[Data excerpts]
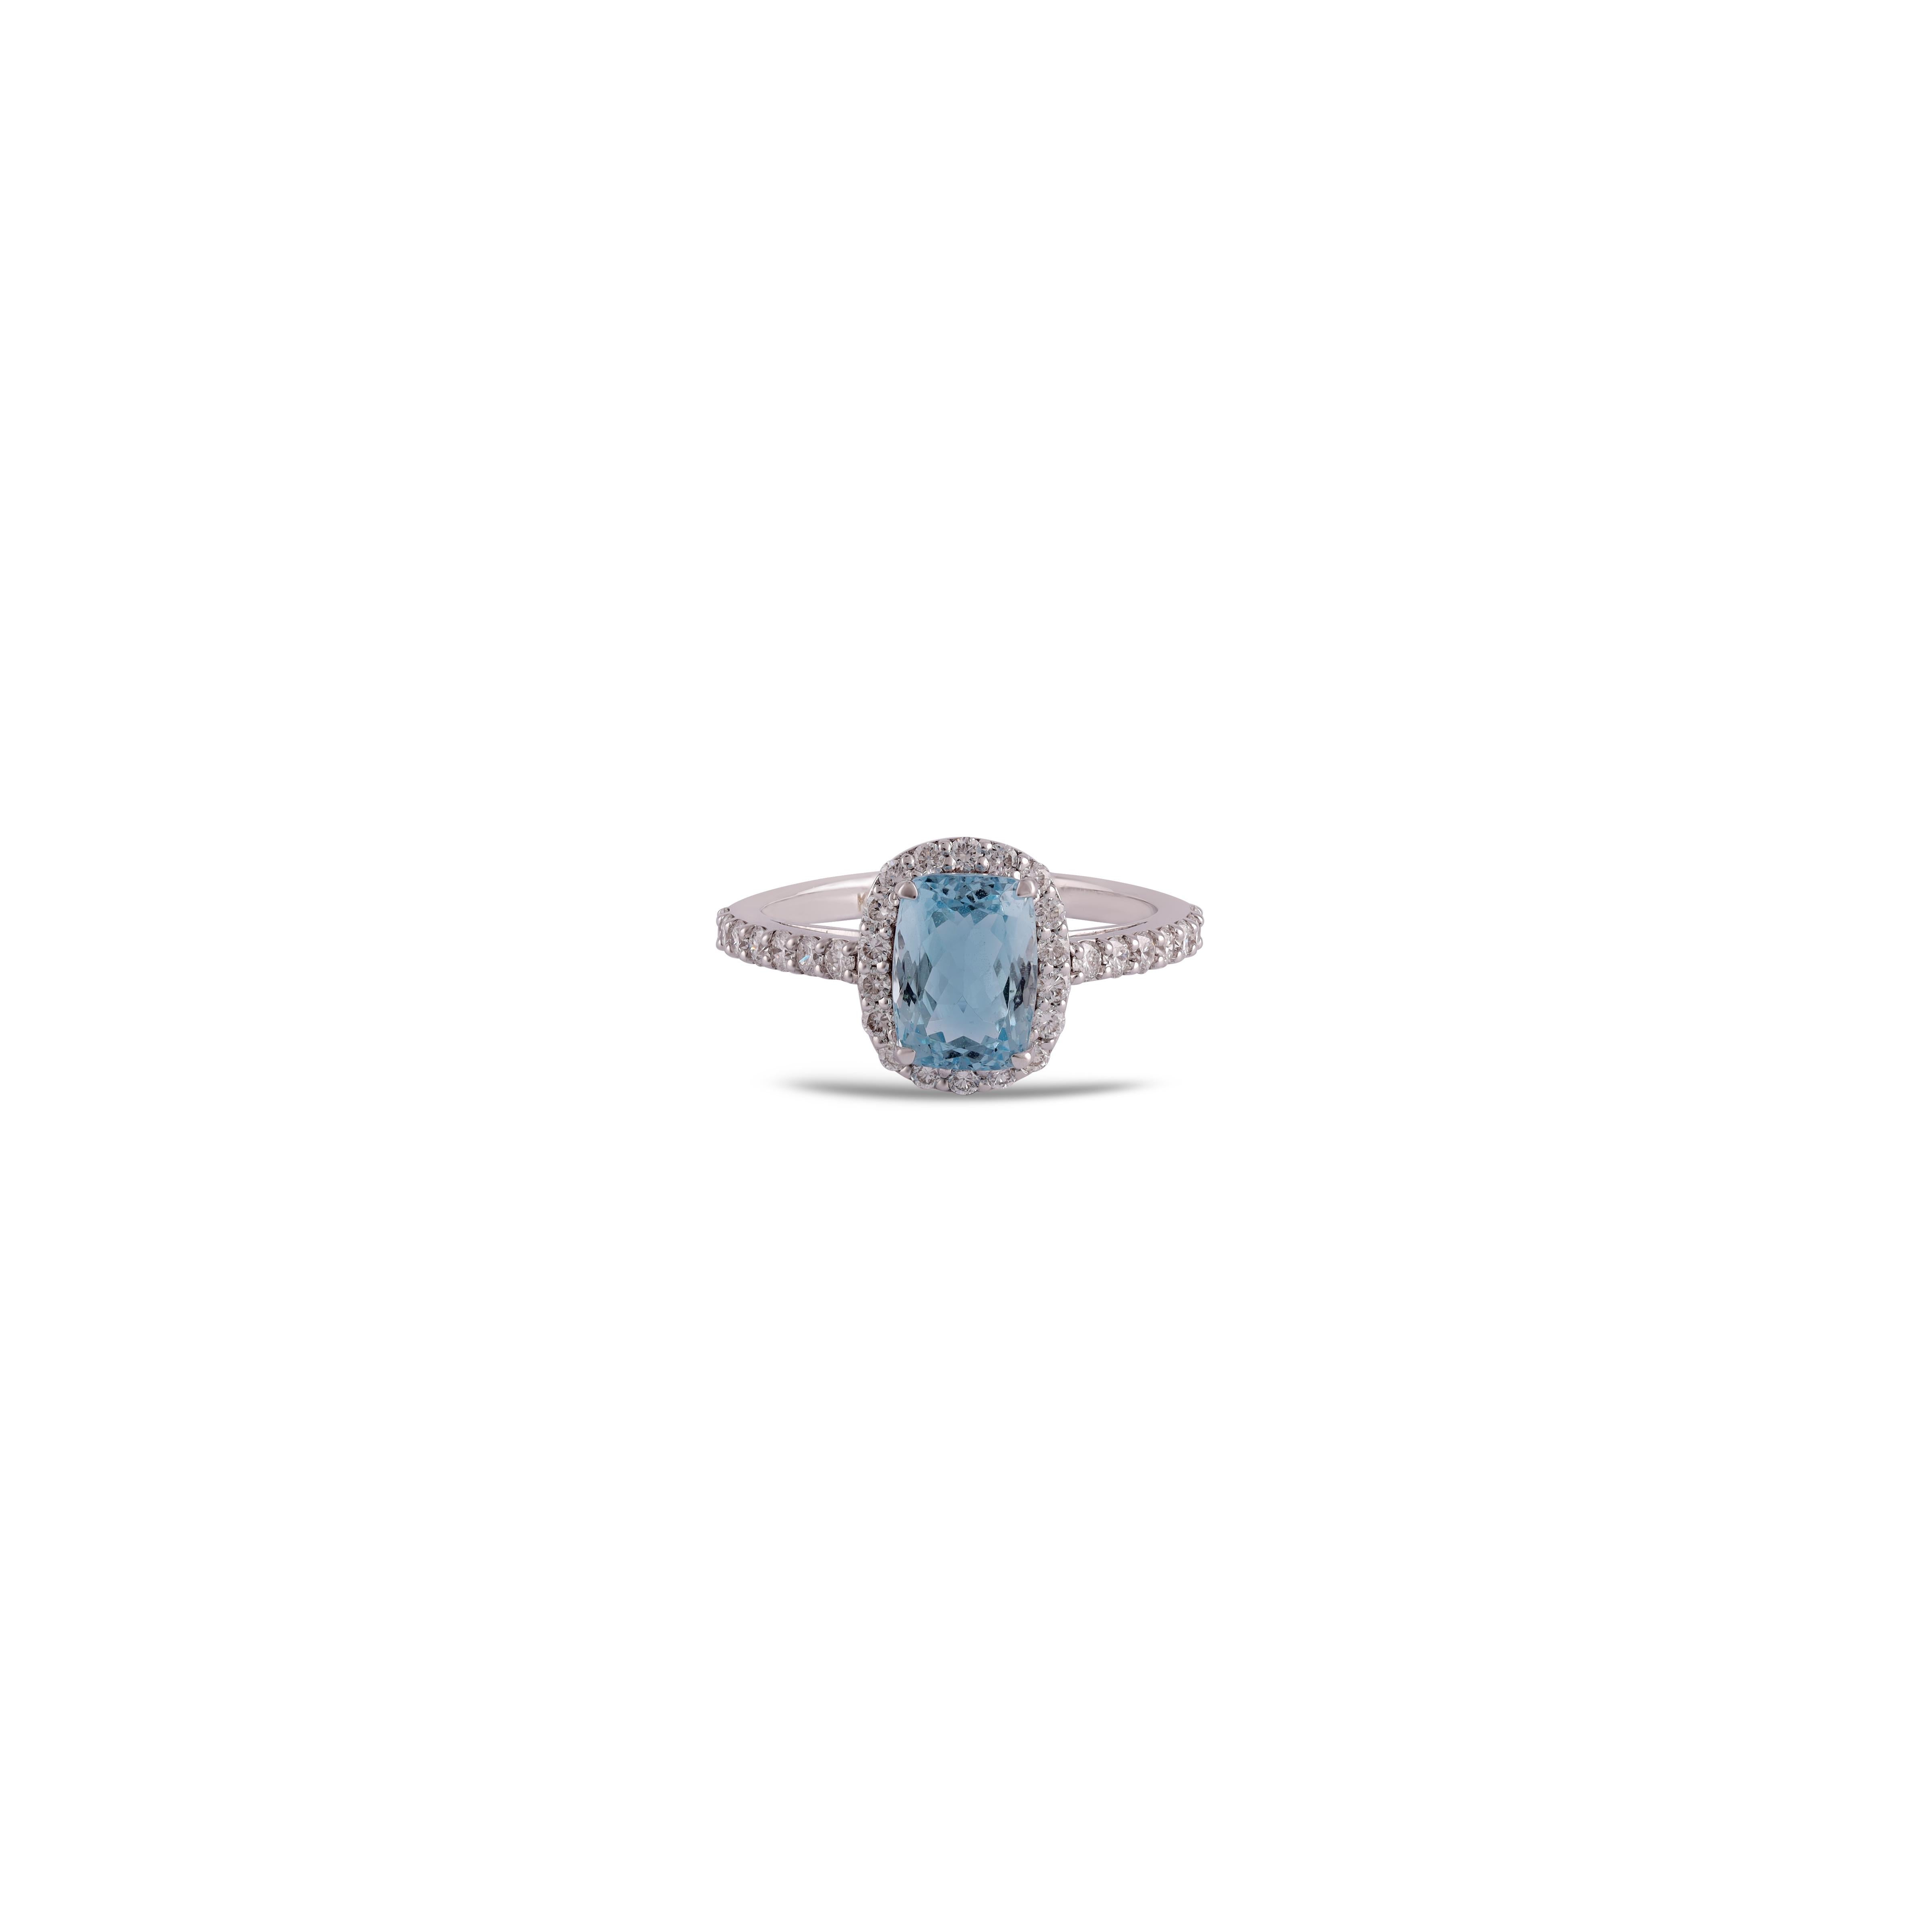 This is an elegant Aquamarine & Diamond ring studded in 18k White gold features a fine quality of  Aquamarine 1.64 carats with  Diamond 0.53 carats.
This entire ring is made in 18k White gold
 It is a classic ring.  
Custom Services
Resizing is

## Task prompt
Exactly as written above, print every record, and keep the pictures out.

## Response for this exercise
 This is an elegant Aquamarine & Diamond ring studded in 18k White gold features a fine quality of  Aquamarine 1.64 carats with  Diamond 0.53 carats.
This entire ring is made in 18k White gold
 It is a classic ring.  
Custom Services
Resizing is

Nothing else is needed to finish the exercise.